On the other hand, if you are a greed type, hungry for it all, or an angry type, desperate for the truth and unwilling to accept what wise people tell you, resolved come hell-or-high water to realize the great matter of birth and death for yourself, then find a koan teacher, someone you can at least tolerate some of the time, and get to work. Our time is limited and the opportunity to play with Buddha in the Zen way will likely slip away.

Confession #8: This work is not about you or me.

The helpless ones of the future depend on us to keep the buddhadharma alive so that they too will have a life raft in the unimaginably difficult times that may lie ahead, with the unfolding of the post-oil world characterized by global warming, financial meltdowns and unknown challenges.

I’ve staked my life on the belief that through spiritual practice can we live lives that take up the most essential concerns, and can report that resolution is possible.

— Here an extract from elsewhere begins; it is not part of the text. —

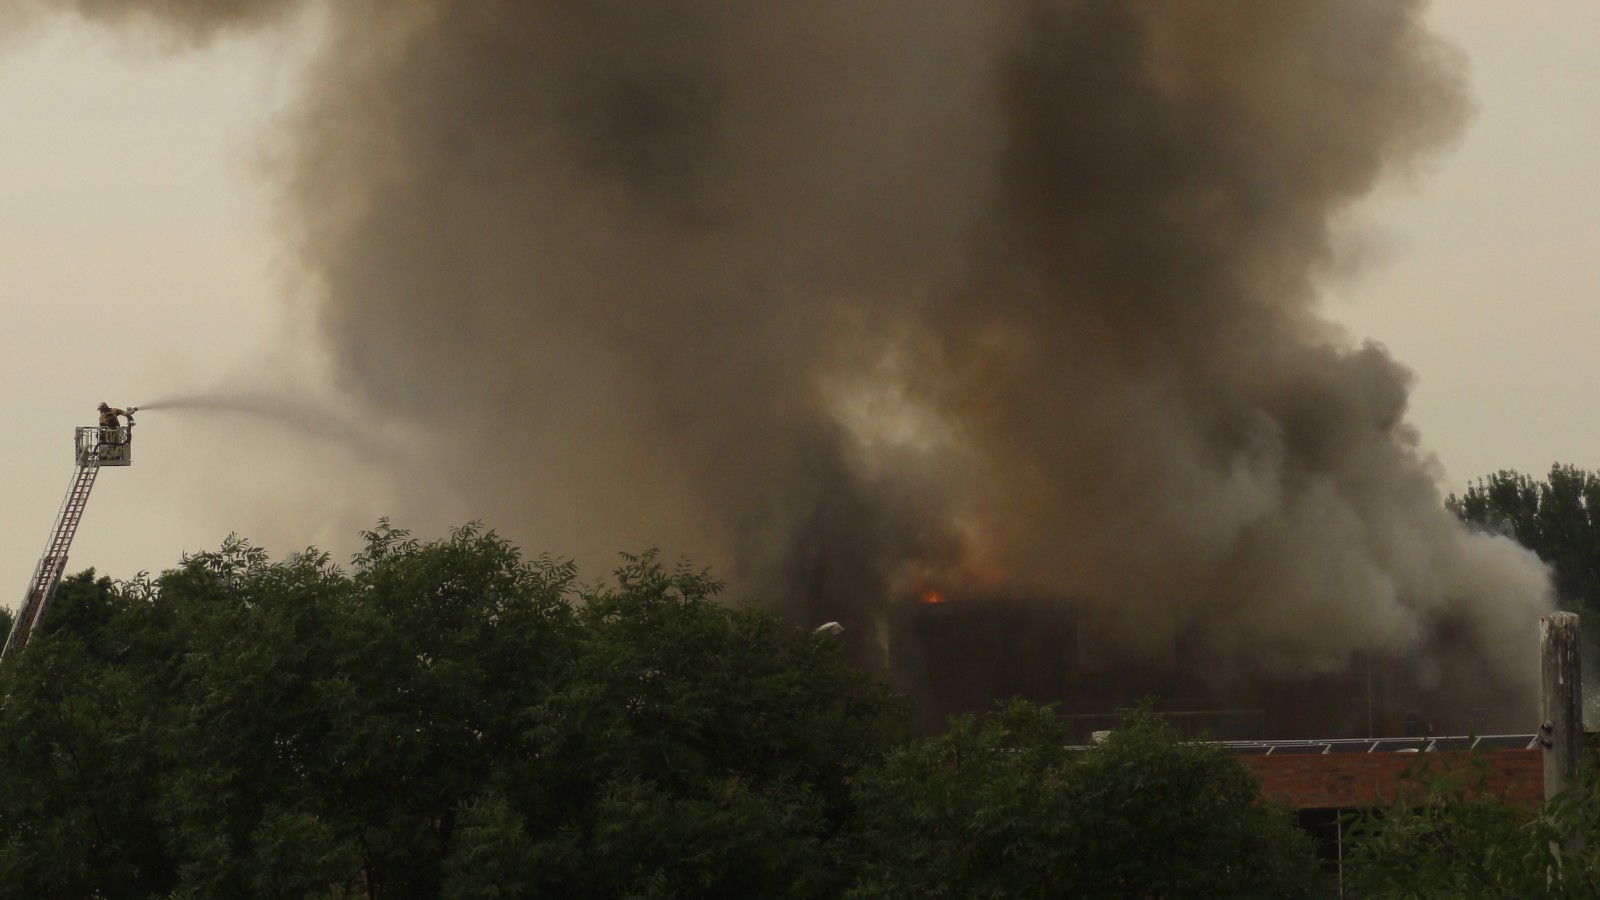 Brand in zuidoost. De brandweer blust brand in de buurt van het Bindelmeercollege. Vanaf hier is onduidelijk te zien welk pand in brand staat.

That’s the good news of the Buddha’s Third Truth – the cessation of suffering. This also invites what might sound like bad news if you’re looking for a magic cure-all – the Fourth Noble Truth and Eightfold Path.

But I hope you won’t take my word for it or be comforted by a story about koans. They are somebody else’s story, unless they’re realized, digested, and creatively presented for this entire great big blue dumpling world.